Even after all the effort to recycle, upcycle, donate, and throw out, I was still finding self-imposed contraband in the new house: out-of-date medicines; clothes in mint condition that I’m going to wear any day now; shoes with worn-out soles and broken heels that I have no intention of repairing but am keeping just in case I have a shoe-related emergency.  It was only when I had tried to reorganise the kitchen surfaces for the third time, and re-stack the unopened boxes in the spare room for the second that I realised:

  1. We simply had too much stuff- indiscriminate objects that had either long outlived their usefulness or had served no real purpose to begin with.

  2. A lot of what we brought with us didn’t suit the new house.  It was bought seven years ago when good quality was a distant luxury, and function trumped fashion: nothing we bought was going to complement the mould around the tiles or the cracked paintwork around the windows.

  3. Just how much dust and dirt had accumulated- splotches and stains that had seemed inconsequential in our rented house became painfully obvious and shame worthy as my mother helped me to unpack the greasy baking trays, scruffy tea towels and neglected storage jars.

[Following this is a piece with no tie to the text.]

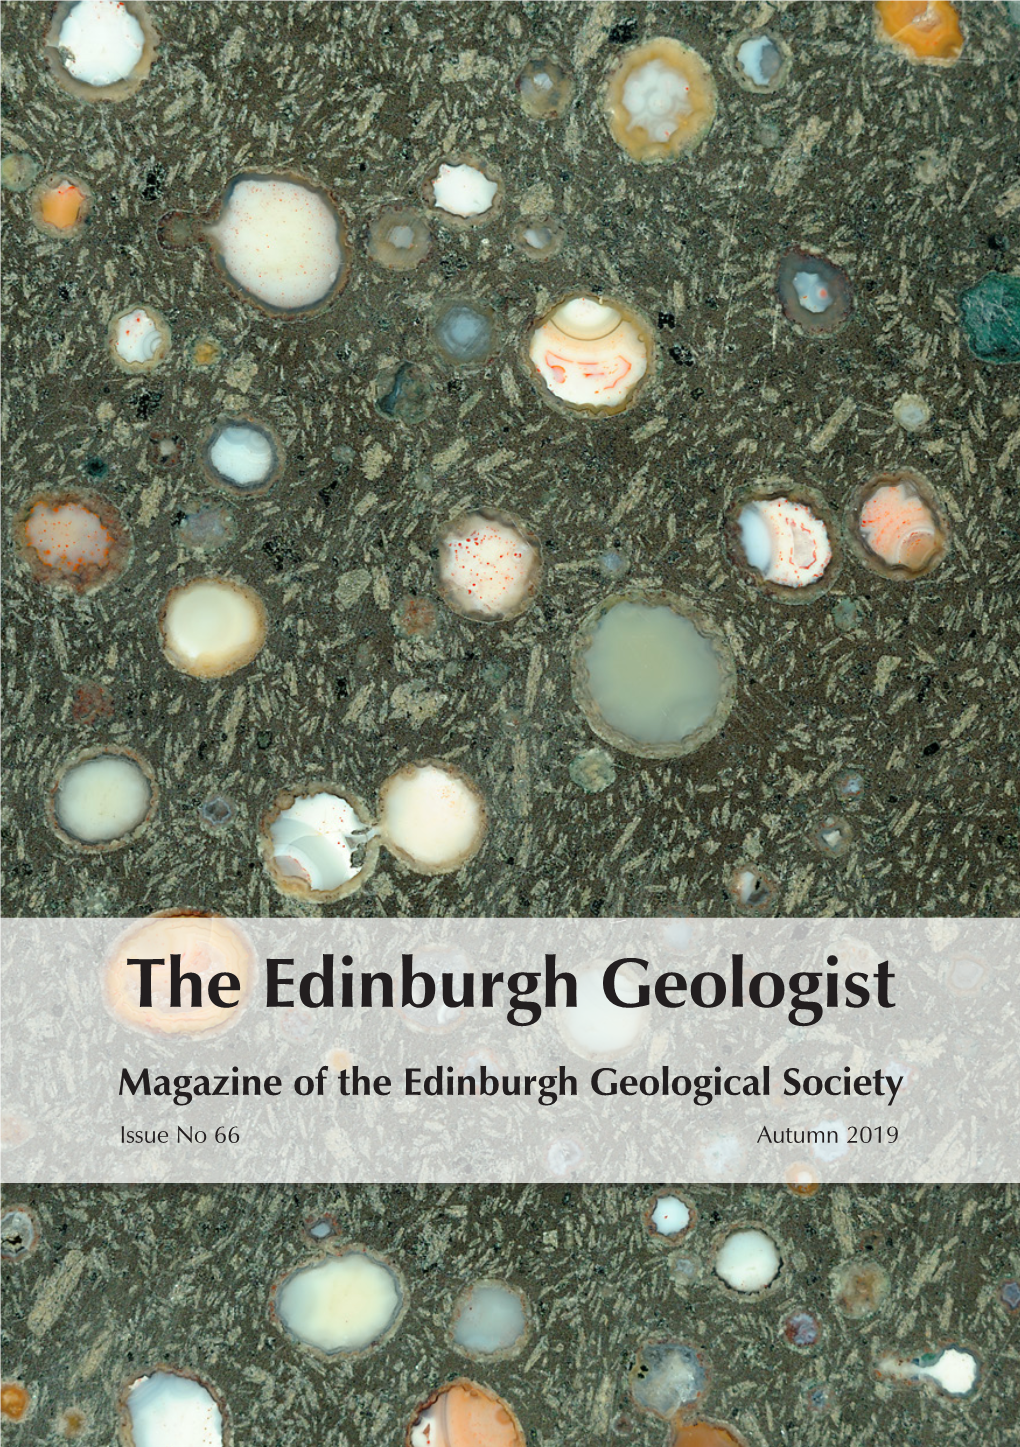 The Edinburgh Geologist

And so, when confronted by a teetering mountain of notebooks, loose-leaf drafts, and folders full of early poems and half-hearted revisions, the relationship between how I was living and how I was writing became all too clear:

  1. When we first moved into our flat, our priority was to fill the space, to make it look homey- cheap throws and cushions, flimsy DVD cases and bookshelves.  Sure, none of it was very good, but it looked right.  So when I started writing, the excitement of simply having ideas meant that I would only work on something until a new idea came along, joyfully filling up folders with sentimental half-drafts, feeling overly satisfied with myself.  It was enough to have produced a piece of work, then many pieces of work.  My confidence came from the quantity, not quality of the work; none of it was very good, but it looked right.

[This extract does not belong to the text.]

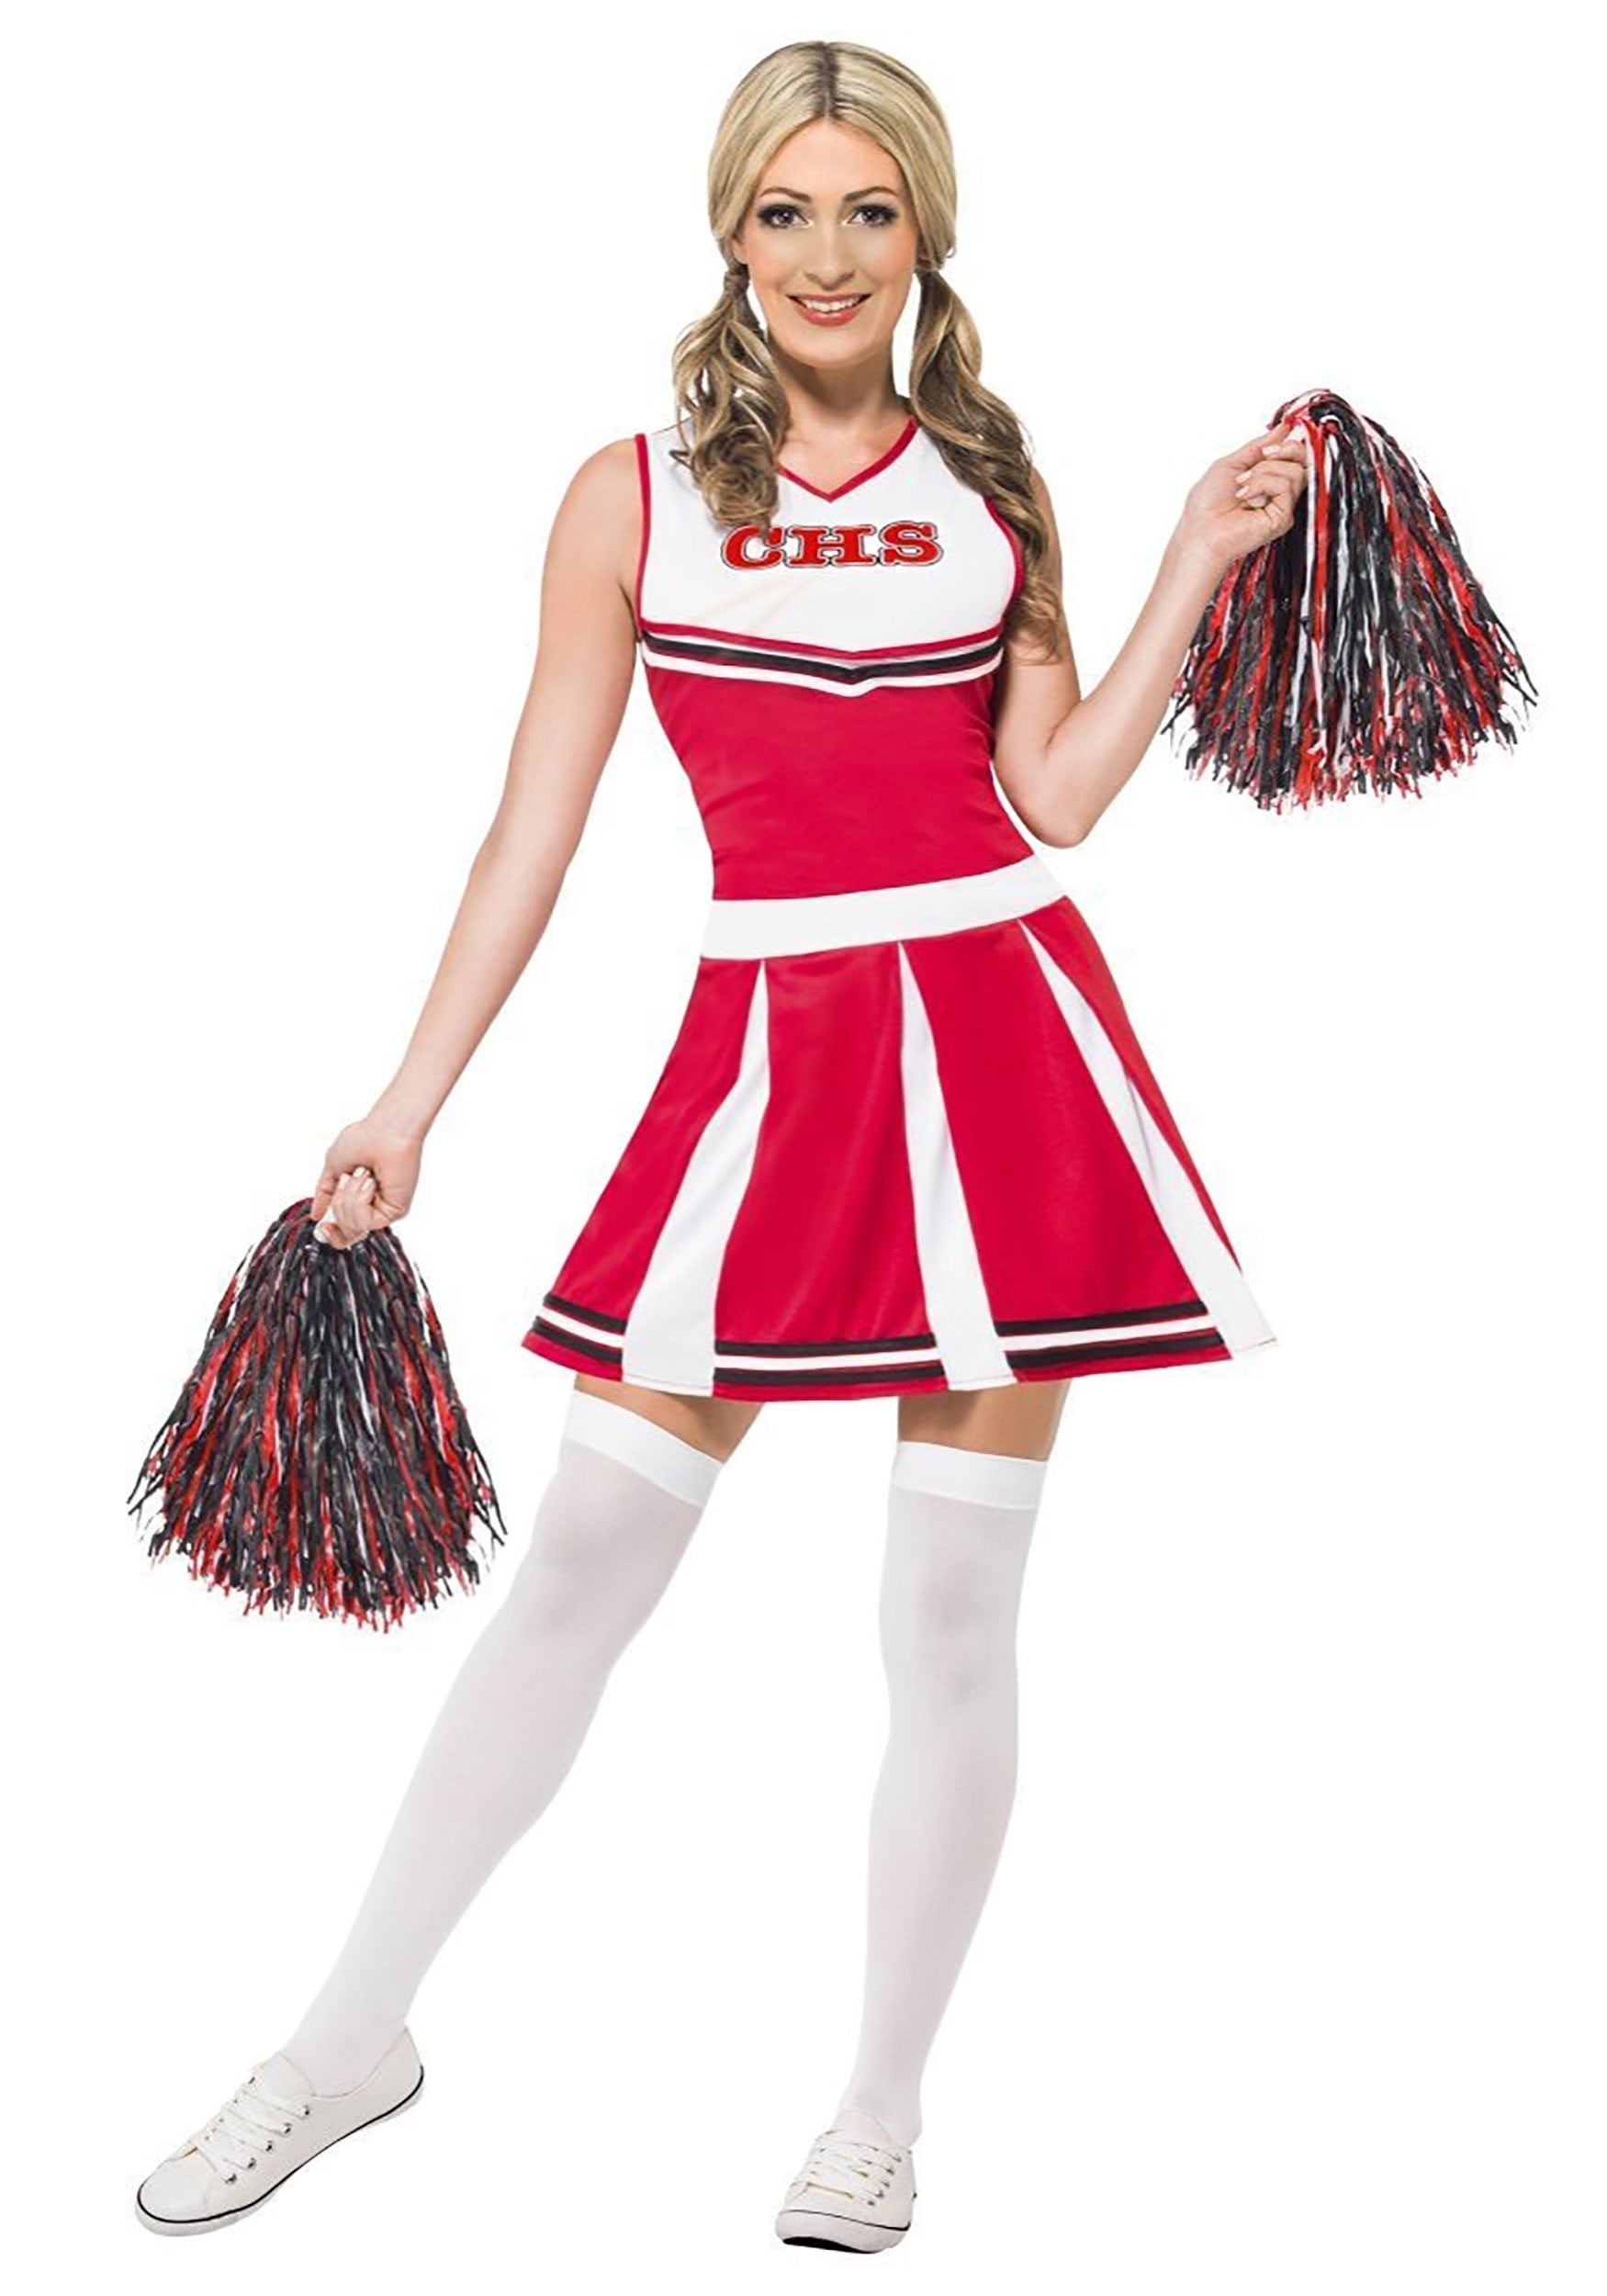 OurLore Women's Musical Uniform Fancy Dress Cheerleader Costume Outfit

  2. These poems filled my folders, and my shelves, like old instruction manuals and cables stuffed into drawers.  Why?  Because I believed that, with time, each one had the capacity to become a piece of art. Or that I would throw something away, only to suddenly experience the epiphany that would utterly transform it from a mediocre piece of work into something that would be painted on the exposed beams of independent cafes.  Or that a competition would be announced that specifically catered to the exact theme of that one poem I wrote four years ago.  The inevitable result of all this second-guessing?  The poems worth hanging onto became the bill in a pile of junk mail, or a twenty in a purse bursting with receipts: hard to find and easy to throw away.

  3. Even the poems worth hanging onto need to be cleaned up, having accumulated entire sections that don’t say anything; lines, metaphors, and word plays that have survived only because they looked great in a first draft; and punctuation that may once have been poignant but has long since lost its edge.

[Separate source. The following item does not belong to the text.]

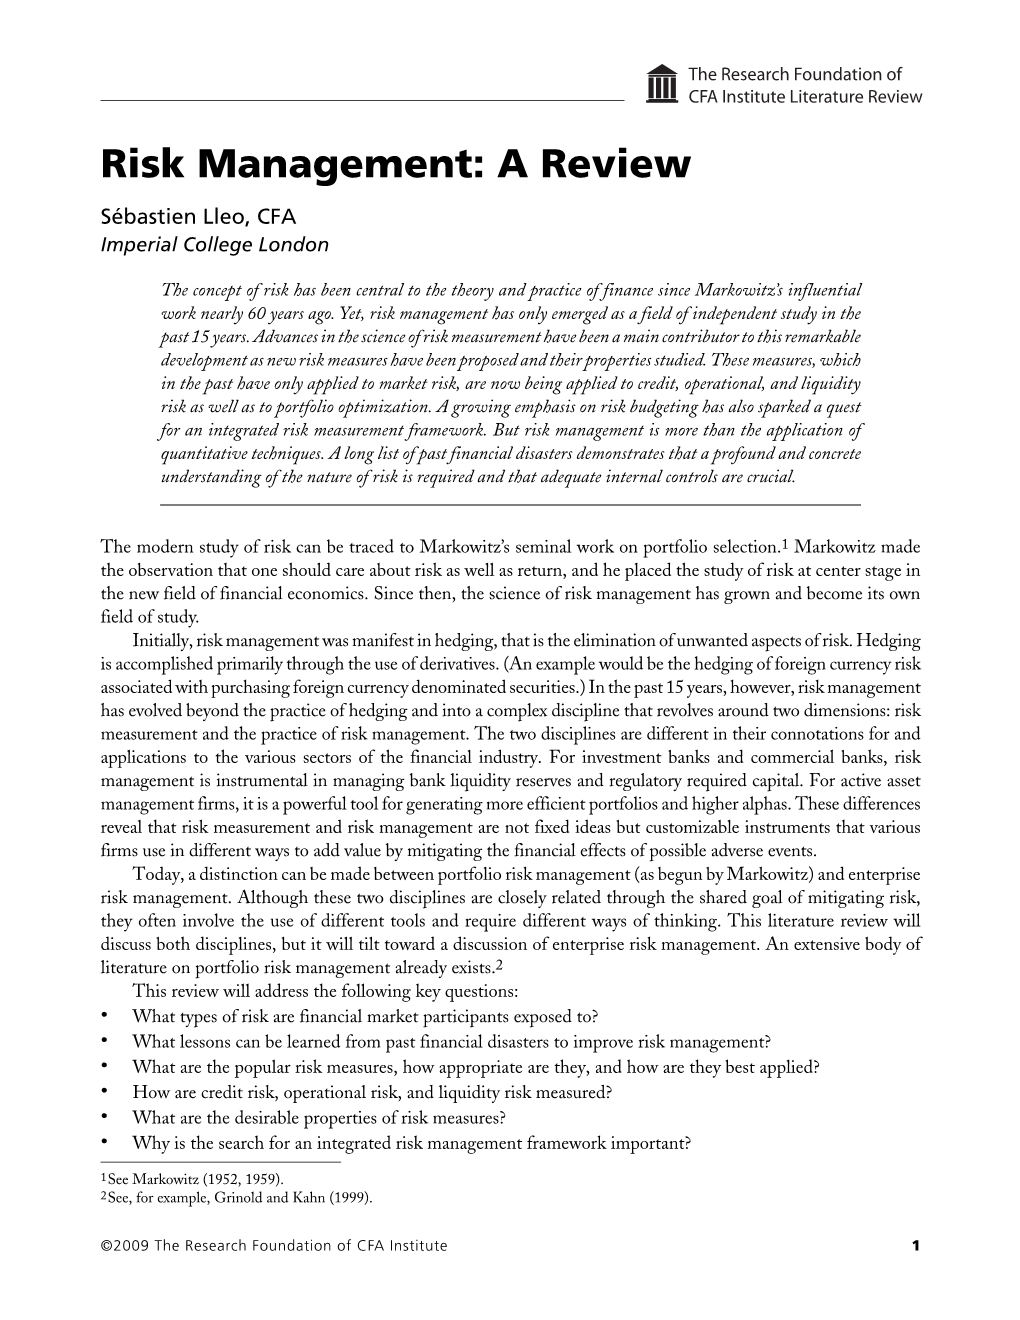 Risk Management: a Review

A new house, a first home, gives you a chance to reflect on what you have and to decide what you want, one room at a time.  When I apply this understanding to my first collection, which I began in the rented house, the message is clear: throw away what doesn’t work; polish what’s worth keeping; and add to it one carefully crafted, quality poem at a time, until it becomes the collection I want, not just a collection I have.